[[ Input data, beginning ]]

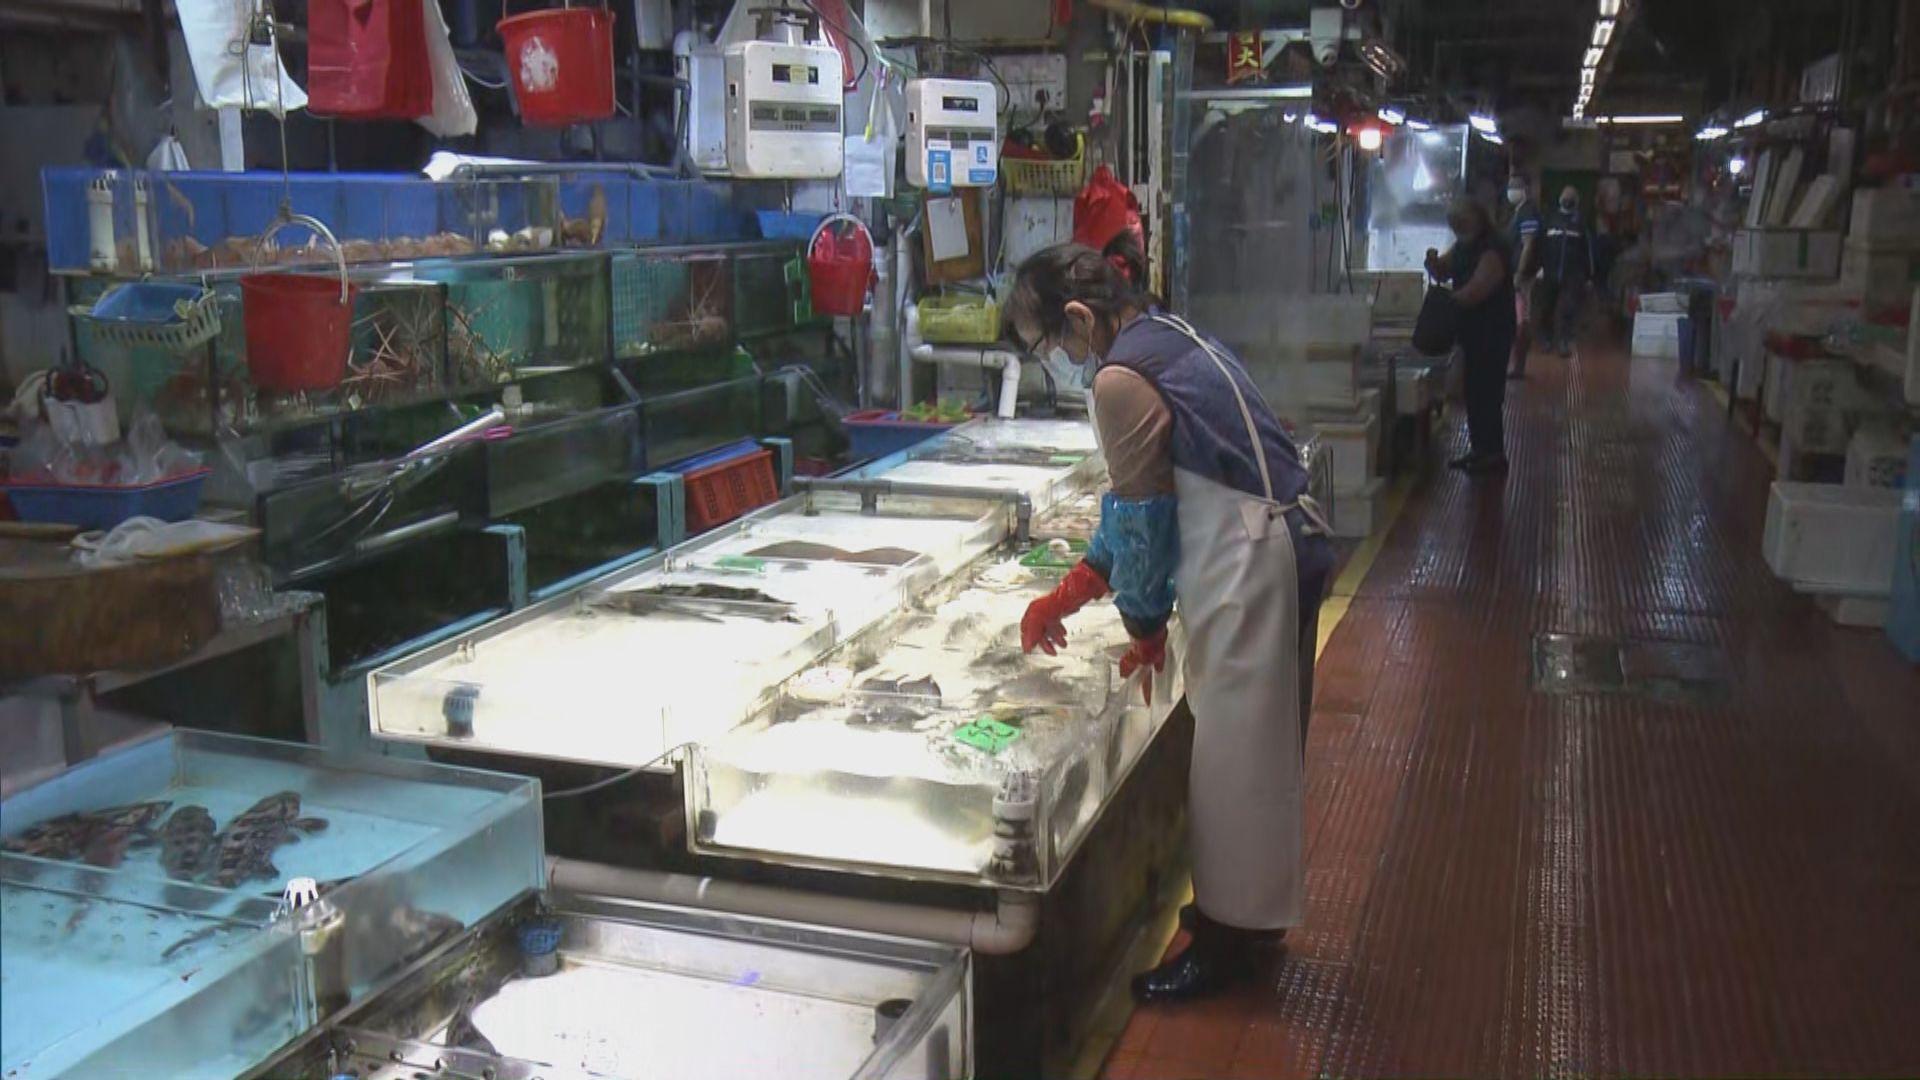 佐敦受限區解封 檔販批通知倉促令食材變壞望政府賠償
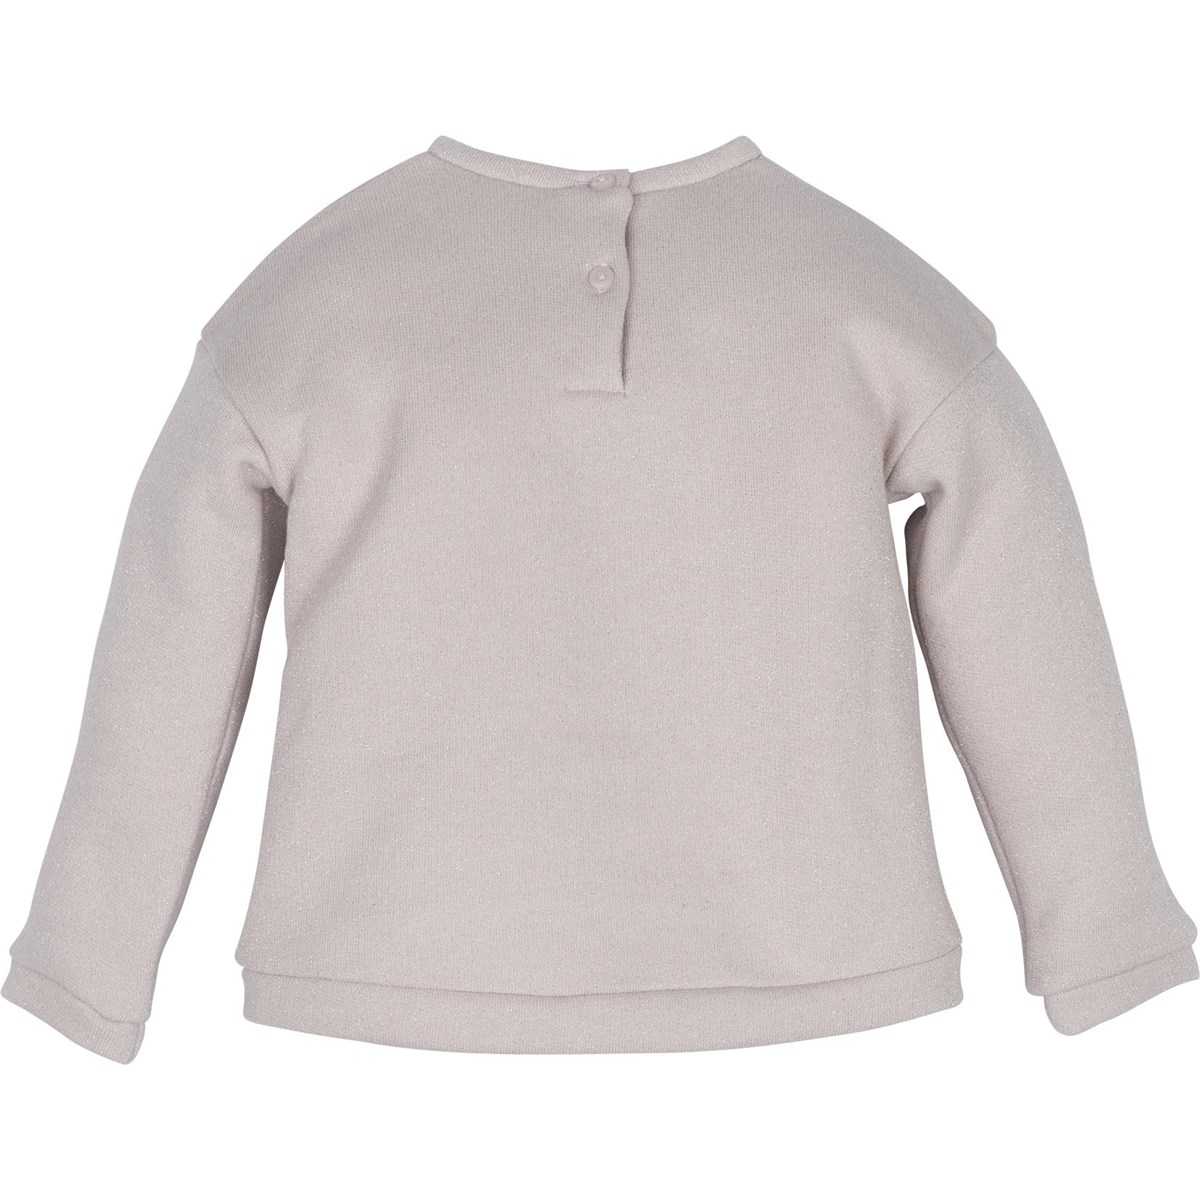 12442 Sweatshirt 2
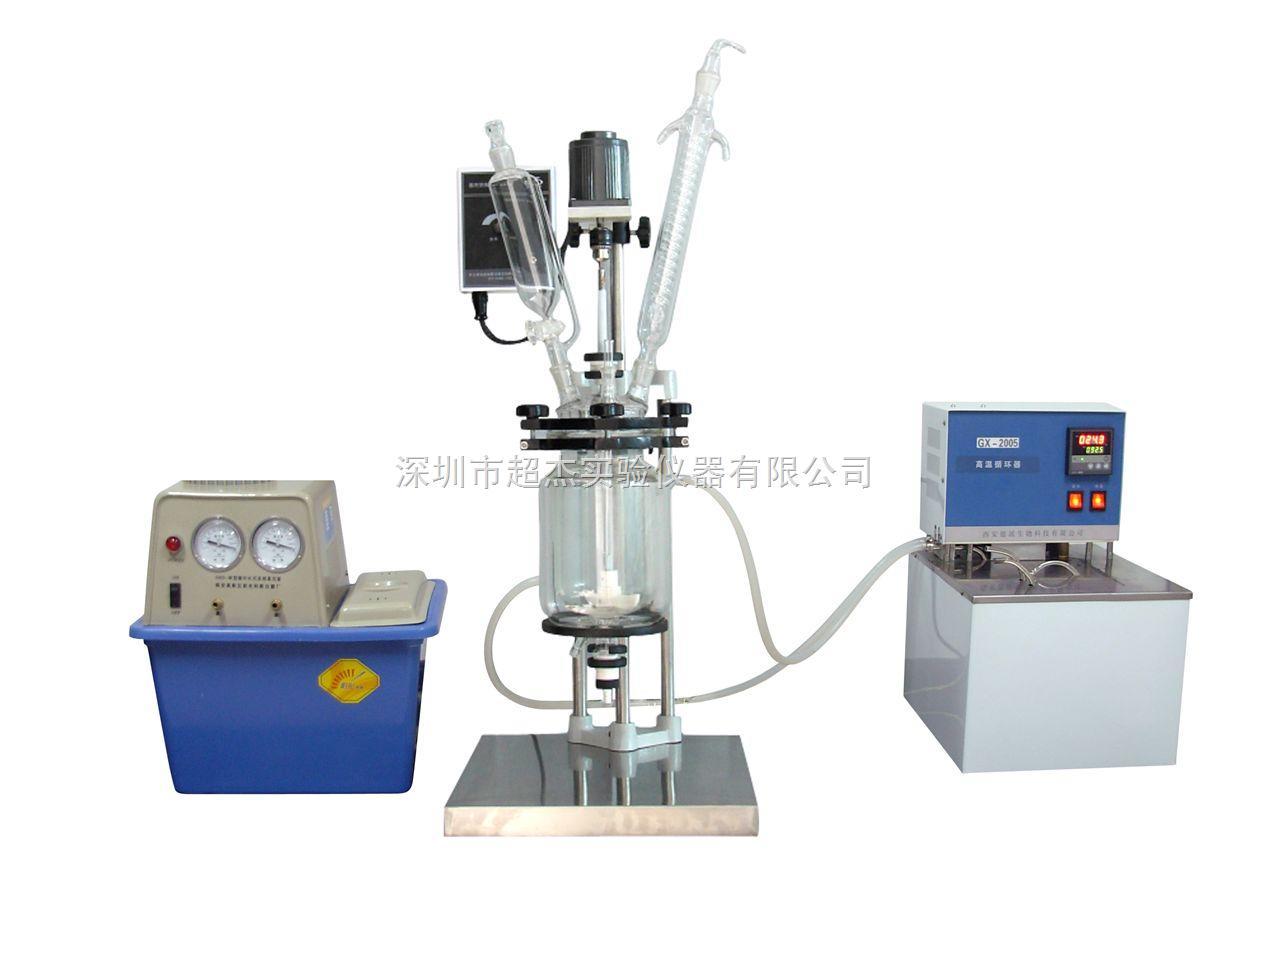 深圳小型双层玻璃反应釜2L-深圳超杰仪器

[[ Input data, end ]]

→ Directions: Your task is to repeat the listing exactly while omitting its pictures.

→ Finished exercise:
 佐敦受限區解封 檔販批通知倉促令食材變壞望政府賠償
 12442 Sweatshirt 2
 深圳小型双层玻璃反应釜2L-深圳超杰仪器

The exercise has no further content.